Since CSCs have been described for first time in leukaemia by the Dick laboratory in 1994, other groups have demonstrated the presence of CSCs in numerous solid tumors (glioblastoma, colorectal cancer, prostate, head and neck, liver, melanoma, etc.), suggesting that the majority of malignancies are dependent on such a cell compartment. Anyhow, properties of CSCs in different tumors were not similar, and the proportion of stem cells in tumors was different [2]. Moreover, the origin of CSCs remains unclear and many works tried to identify this. Barker et al. [3], Zhu et al. [4], and Alcantara Llaguno et al. [5] demonstrated that CSCs were derived from normal stem cells if oncogenes were activated. But, there is evidence that more differentiated cancer cell populations may acquire CSC properties through epithelial mesenchymal transition (EMT) [6], [7]. Chaffer et al. [8] recently observed in a subpopulation of basal-like human mammary epithelial cells that spontaneously dedifferentiated into stem-like cells. Then, some non-stem cancer cells gave rise to CSCs. Classically, the definition of adult stem cell implicates that those are capable to generate full cellular components of the relevant organ from a single stem cell. This could be revealed by in vivo functional assays, which consists in implanting a progressively smaller number of tumor cells in immunodeficient animals. The number of cells could be an appropriate surrogate when analyzing the frequency of proper cancer stem cells.

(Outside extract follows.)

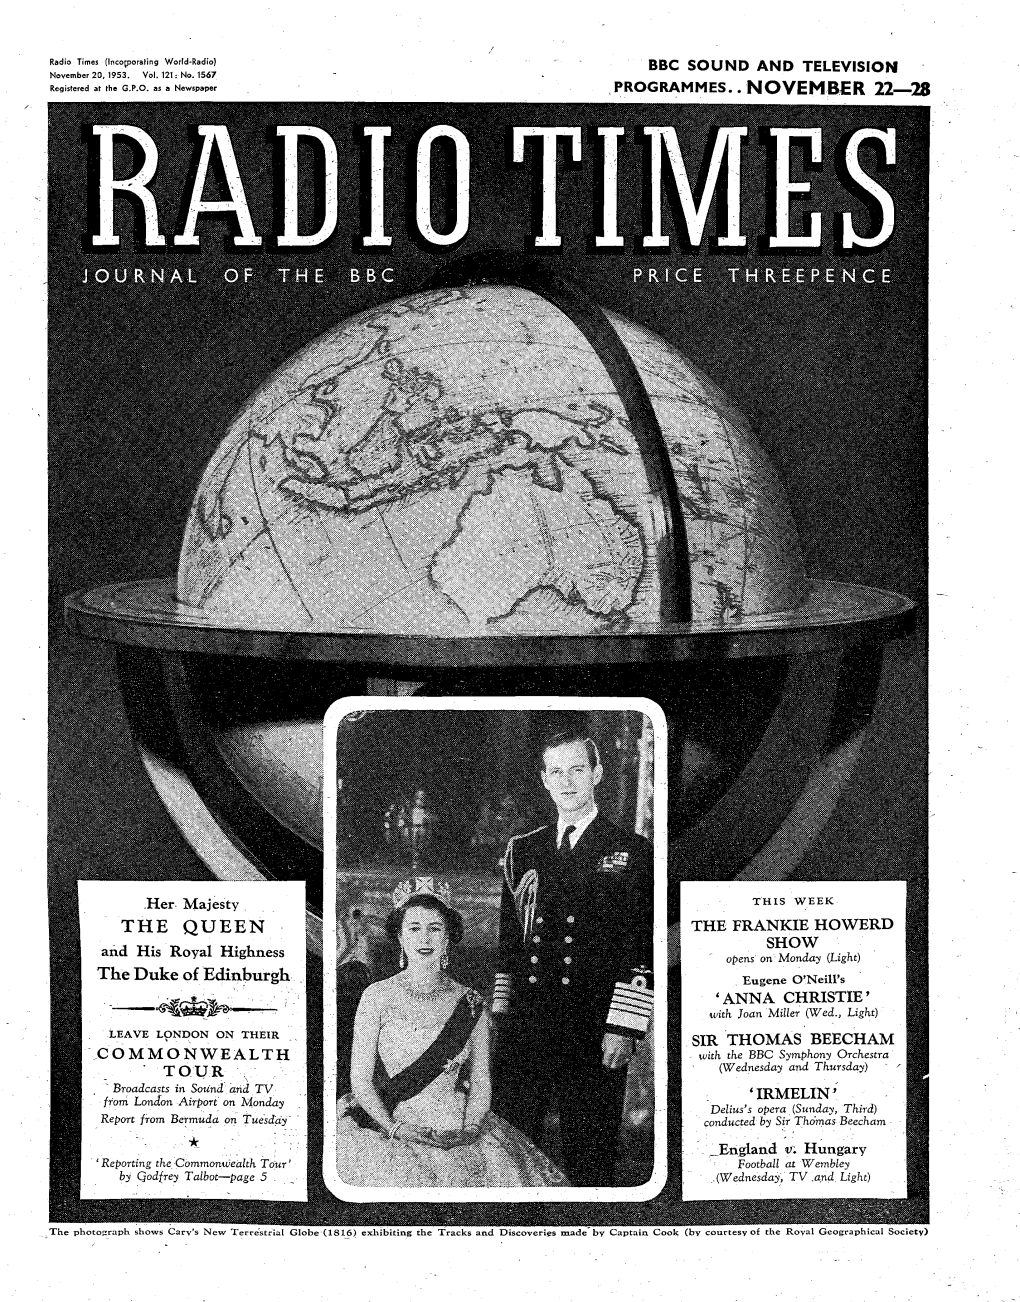 Radio Times, November 20, 1953
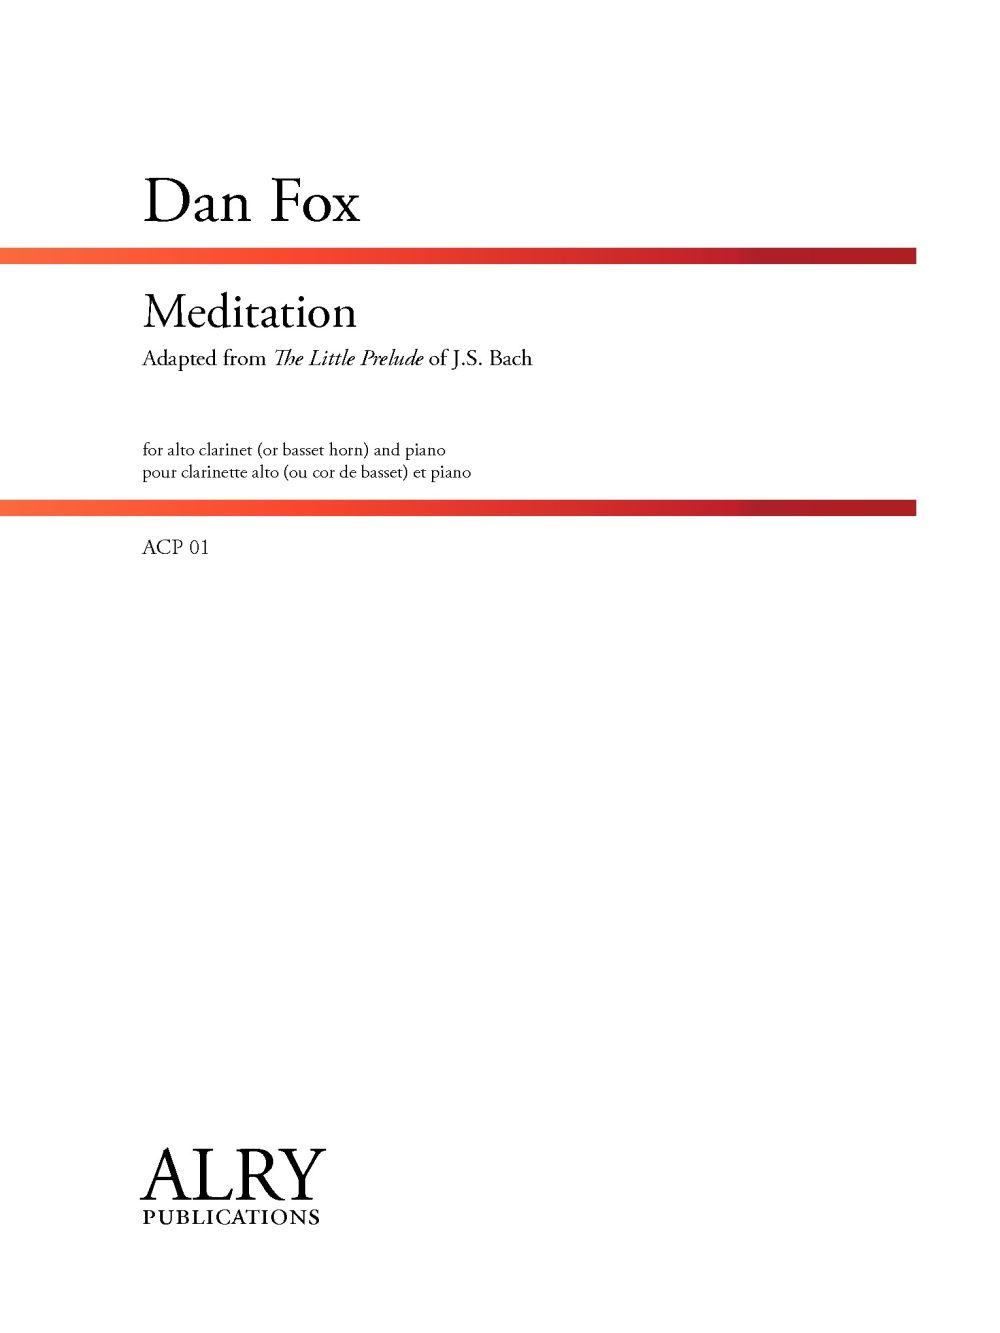 Meditation (FOX DAN)

Now, through the development of immunofluorescence tools, it is possible to more easily isolate CSCs using their surface proteins (e.g. CD133, CD44, CD29).

Cancer stem cells account for a minor fraction of a tumor population, but those might be particularly involved in tumor initiation, proliferation, or in metastatic process. CSCs are believed to share many properties with normal stem cells that render them relatively insensitive to conventional cytotoxic agents, such as chemotherapy and to radiation therapy. This is an advocated factor of treatment failure and relapse. The mechanisms through which solid tumors become resistant to conventional therapy are only partially understood. Those involve numerous factors implicated in the resistance of CSC to ionizing radiation: quiescence propensity, enhanced DNA repair, upregulated cell cycle control mechanisms, mechanisms of free-radical scavenging, and specific interaction with stromal microenvironnement [9], [10]. From a radiobiological point of view, four factors are classically involved in the efficiency of ionizing radiation: repair of DNA damage systems, redistribution of the cell cycle, tumor cells repopulation, and level of intratumor hypoxia. Although the identity of cancer cell clonogens has not been definitively resolved, the understanding of CSCs pathways continues to grow and new potential molecular therapeutic targets have recently emerged. Numerous inhibitory agents targeting these specific signaling pathways, such as Notch and Wnt/B-catenin, are currently evaluated in early clinical trials (http://clinicaltrials.gov: NCT01122901, NCT01351103). Overcoming radioresistance by concurrently targeting cancer stem cells pathways may potentially improve outcome for patients with localized solid tumors. Radiation therapy using heavy particles (proton and carbon) may be also more effective than classic photon on CSCs [11], [12]. The aim of this paper is to report the various intracellular pathways involved in CSCs radioresistance for which potential intracellular target and highlight strategies for enhancing antitumor effectiveness.